--- START ---

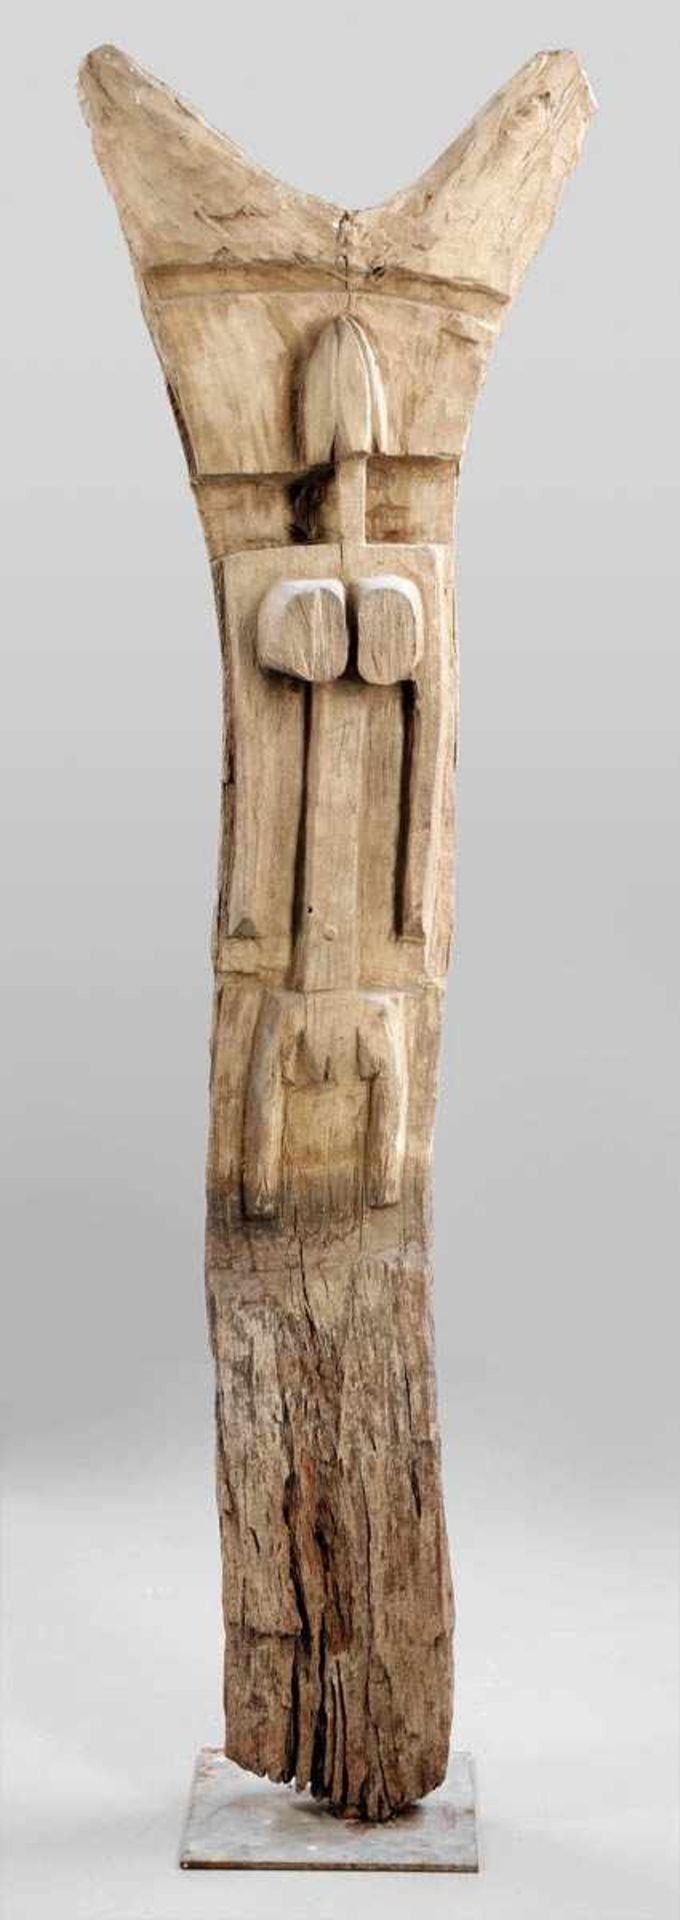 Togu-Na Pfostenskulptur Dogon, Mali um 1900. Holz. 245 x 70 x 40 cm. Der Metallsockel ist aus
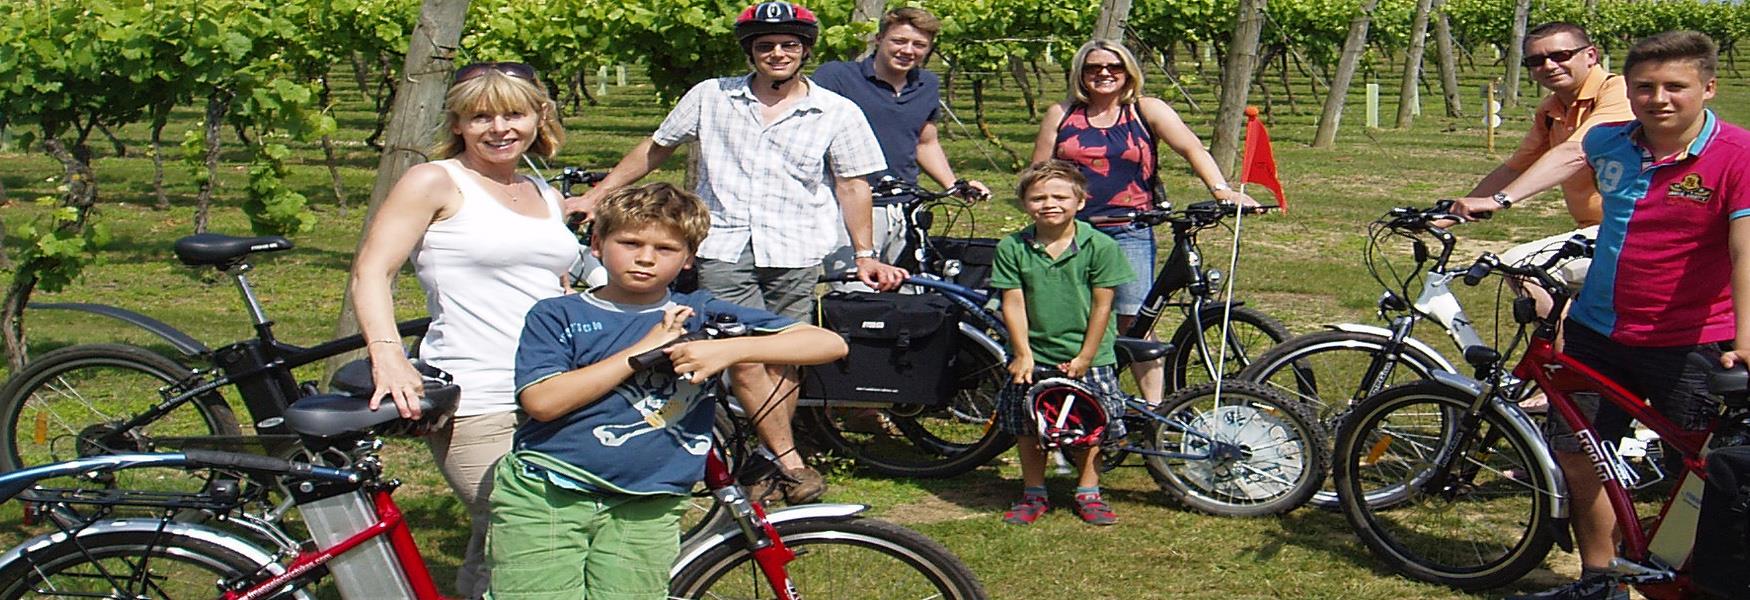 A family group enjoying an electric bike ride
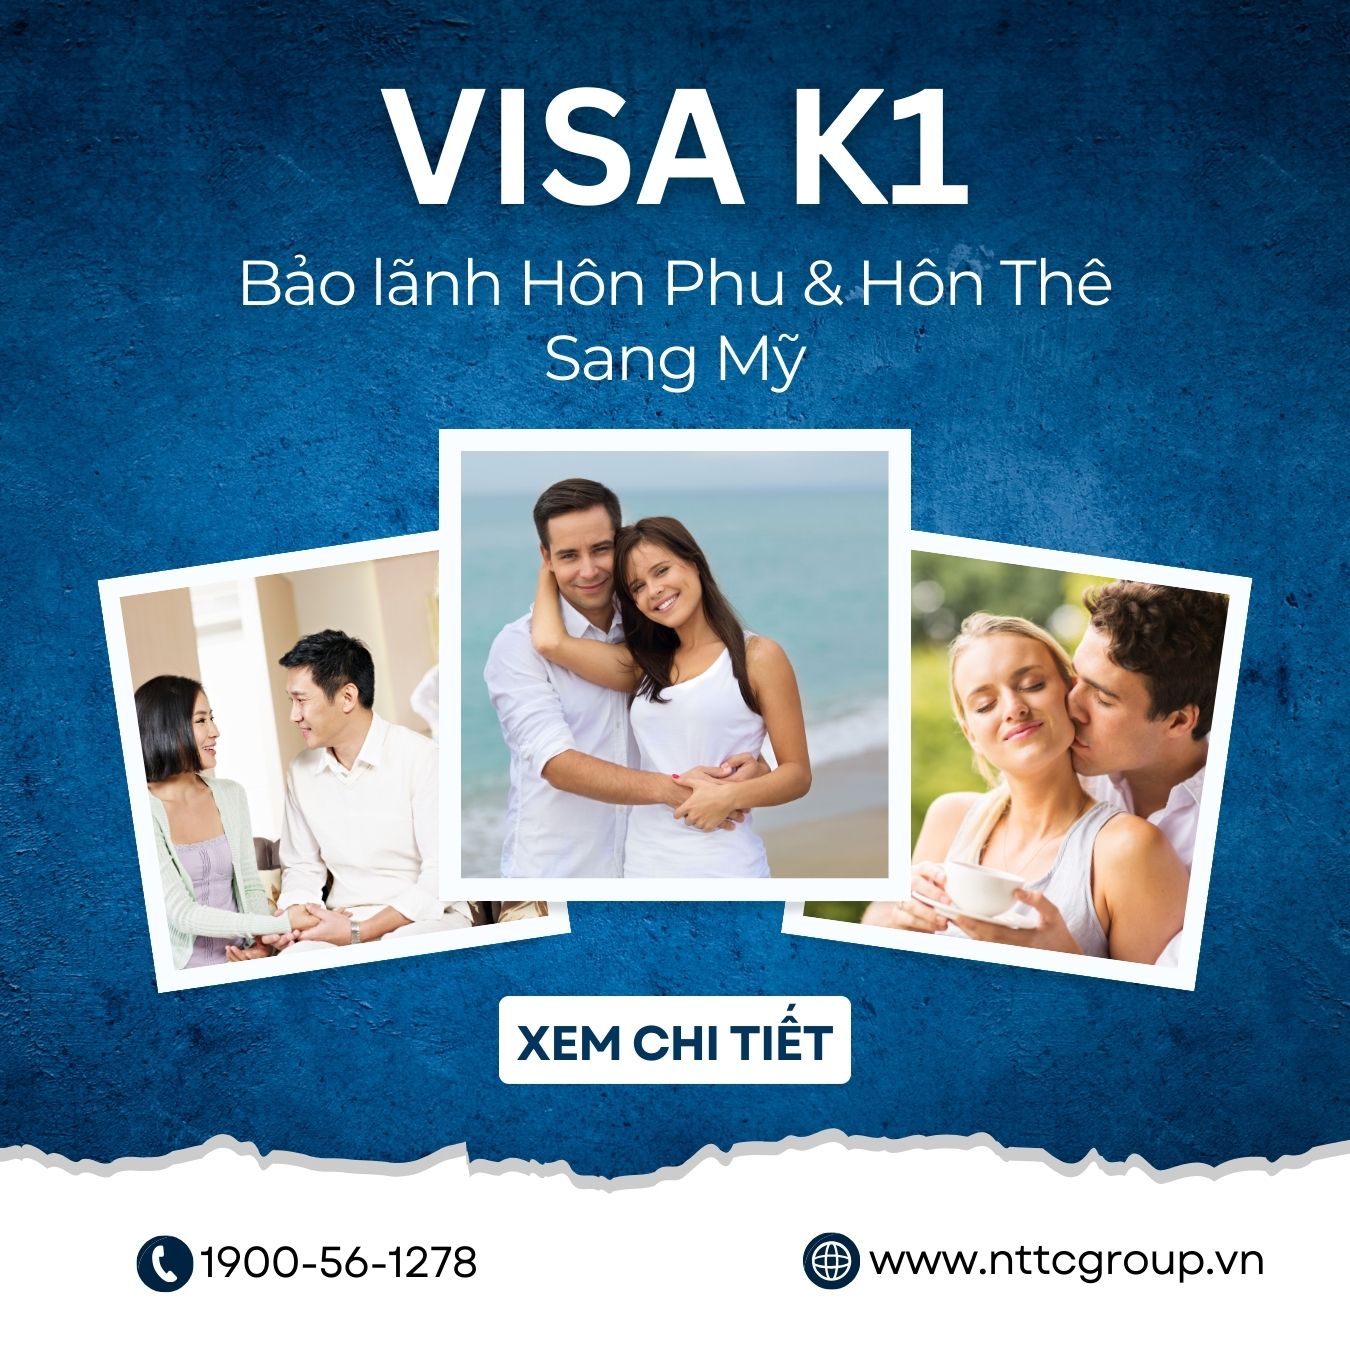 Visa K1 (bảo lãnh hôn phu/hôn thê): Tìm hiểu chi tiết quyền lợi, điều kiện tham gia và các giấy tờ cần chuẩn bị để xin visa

--- END ---

Task directions -
What the reply must contain is an exact transcription of the data above and none of its pictures.

Response below -
 Togu-Na Pfostenskulptur Dogon, Mali um 1900. Holz. 245 x 70 x 40 cm. Der Metallsockel ist aus
 A family group enjoying an electric bike ride
 Visa K1 (bảo lãnh hôn phu/hôn thê): Tìm hiểu chi tiết quyền lợi, điều kiện tham gia và các giấy tờ cần chuẩn bị để xin visa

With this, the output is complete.